Abstract
Background
There are currently no reliable predictive factors for gastric cancer recurrence. The aim of this study was to evaluate the relationship between bcl-2 expression and risk of gastric cancer recurrence.
Methods
From January 1996 to December 2007, 449 gastric cancer patients who underwent curative resection were retrospectively studied. The expression levels of bcl-2 were examined by immunohistochemistry. Logistic regression was performed to identify independent risk factors for overall recurrence of gastric cancer.
Results
151 patients (33.6%) experienced recurrences. The median time to recurrence was 17.0 months, 113 (74.8%) patients had recurrences within 2 years. Peritoneal recurrence was the most prevalent pattern, followed by hematogenous metastasis in which the liver was the most common site. Depth of invasion, lymph node metastases, and negative expression of bcl-2 were independent risk factors for overall recurrence. The overall survival time of recurrent patients was 22.7 months. The median survival time after recurrence was 6.7 months.
Conclusion
The depth of invasion, lymph node metastases and expression of bcl-2 are independent factors for predicting gastric cancer recurrence.

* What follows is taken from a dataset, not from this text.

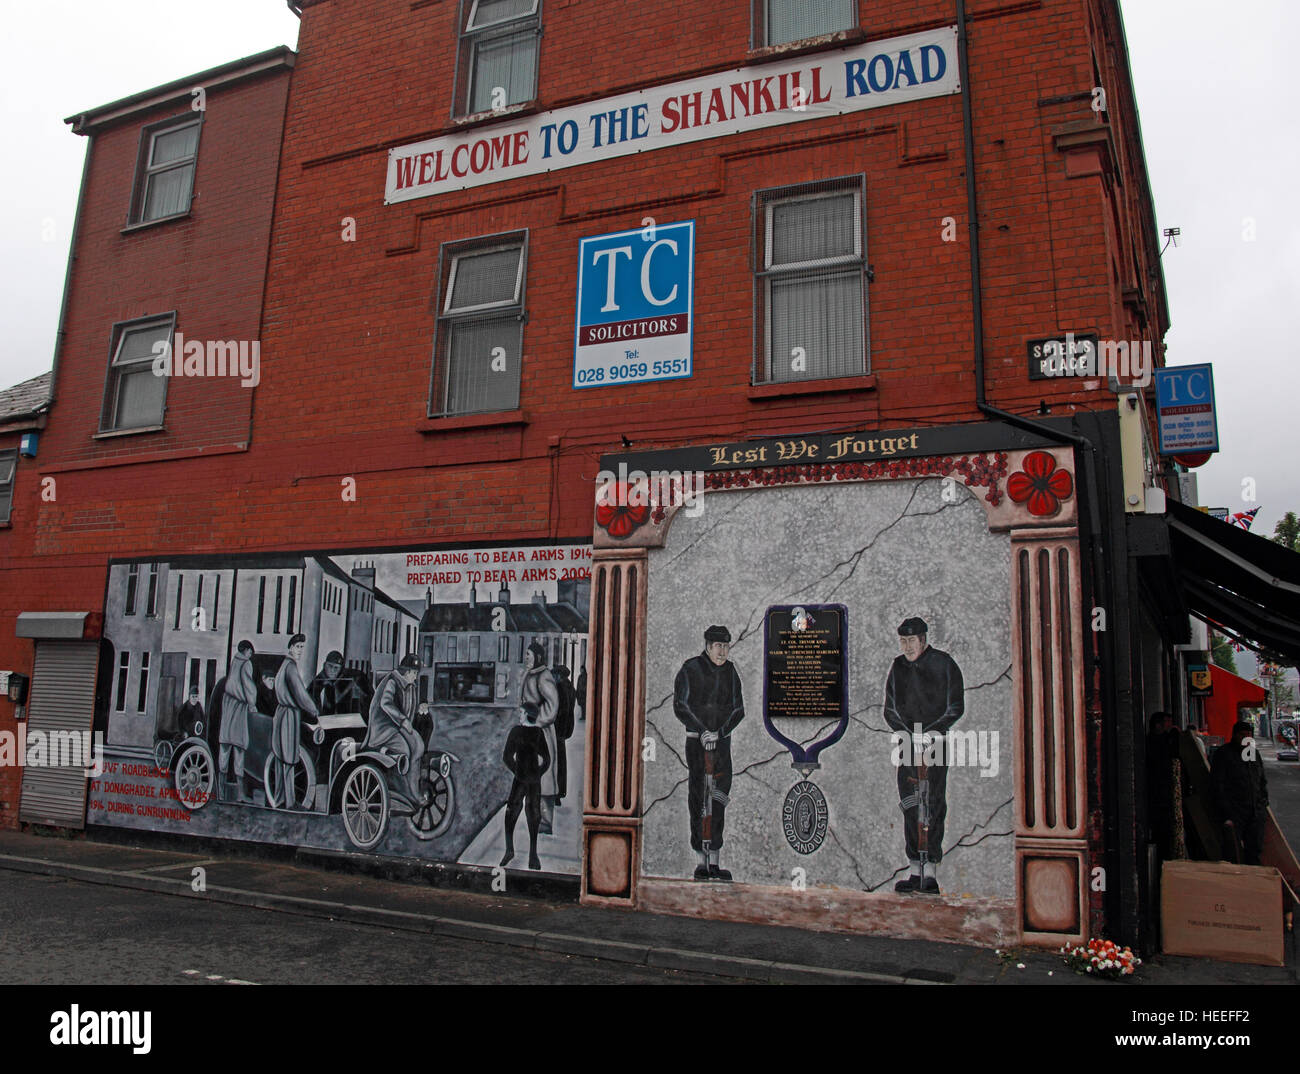 Belfast unioniste, fresque loyaliste & Bienvenue sur le Road Shankill Banque D'Images

Keywords: Gastric cancer, recurrence, clinicopathological factors, bcl-2
Background
Although the incidence of gastric cancer has been declining substantially for several decades, it is still the fourth most common cancer and the second most frequent cause of cancer death [1,2]. Although the majority of patients with early-stage gastric cancer can have long survival times after surgery, approximately 40% of patients die from recurrence, even after undergoing curative surgery [3]. The presence or absence of recurrence is widely considered to be the most important predictor for survival, as the prognosis for patients with recurrence is extremely dismal. Therefore, it is very important to precisely predict the risk of recurrence at an early stage in order to improve prognosis of patients with recurrence. However, it has been demonstrated that routine followup after surgery for gastric cancer is not helpful in detecting recurrence at an early stage [4]. Therefore, it is essential to investigate specific factors that can identify subgroups of patients with more aggressive disease. Recently, some studies have shown that pathological factors such as lymph node status, depth of invasion, and tumor size, play a crucial role in predicting recurrence after gastrectomy [5,6]. However, it is difficult to predict recurrence using common clinicopathological factors. Given that some biological markers, such as oncogenes, tumor-suppressor genes, cell-cycle regulators, and DNA repair genes, are related to tumor genesis, growth, invasion and metastasis, many investigators are searching for new predictive factors among these molecular markers. In a previous study, we evaluated the prognostic value of biological markers such as p53, bcl-2, bax, and c-myc in gastric cancer, and found that bcl-2 was significantly associated with prognosis in gastric cancer patients [7]. Therefore, we hypothesized that bcl-2 expression may reflect tumor characteristics, and thus, serve as a reliable indicator for predicting recurrence. The objective of the current study is to determine whether bcl-2 expression can predict disease recurrence after curative resection in patients with gastric cancer.
Methods
Patients
Between January 1996 and December 2007, 4,426 patients with histologically confirmed primary gastric adenocarcinoma underwent gastrectomy at the Department of Gastric Cancer and Soft Tissue Sarcoma in Fudan University Shanghai Cancer Center. Out of these patients, 449 cases were selected. These patients’ specimens were stained immunohistochemically. Data were retrieved from patients’ operative and pathological reports. Follow-up data were obtained by phone, letter, and the outpatient clinical database. Staging was performed according to the Union for International Cancer Control (UICC) TNM Staging Classification for Carcinoma of the Stomach (Seventh Edition, 2010) [8]. A followup of all patients was carried out according to our standard protocol (every three months for at least 2 years, every 6 months for the next 3 years, and after 5 years every 12 months for life). The check-up items included physical examination, tumor-marker examination, ultrasound, chest radiography, computed tomographic scan, and endoscopic examination. The range of the followup was from January 1996 to May 2010. The median follow-up time was 76.5 months at the time of analysis. Written informed consent had been obtained from all the patients, and this study was approved by the Ethical Committee of Shanghai Cancer Center of Fudan University. The study was retrospective.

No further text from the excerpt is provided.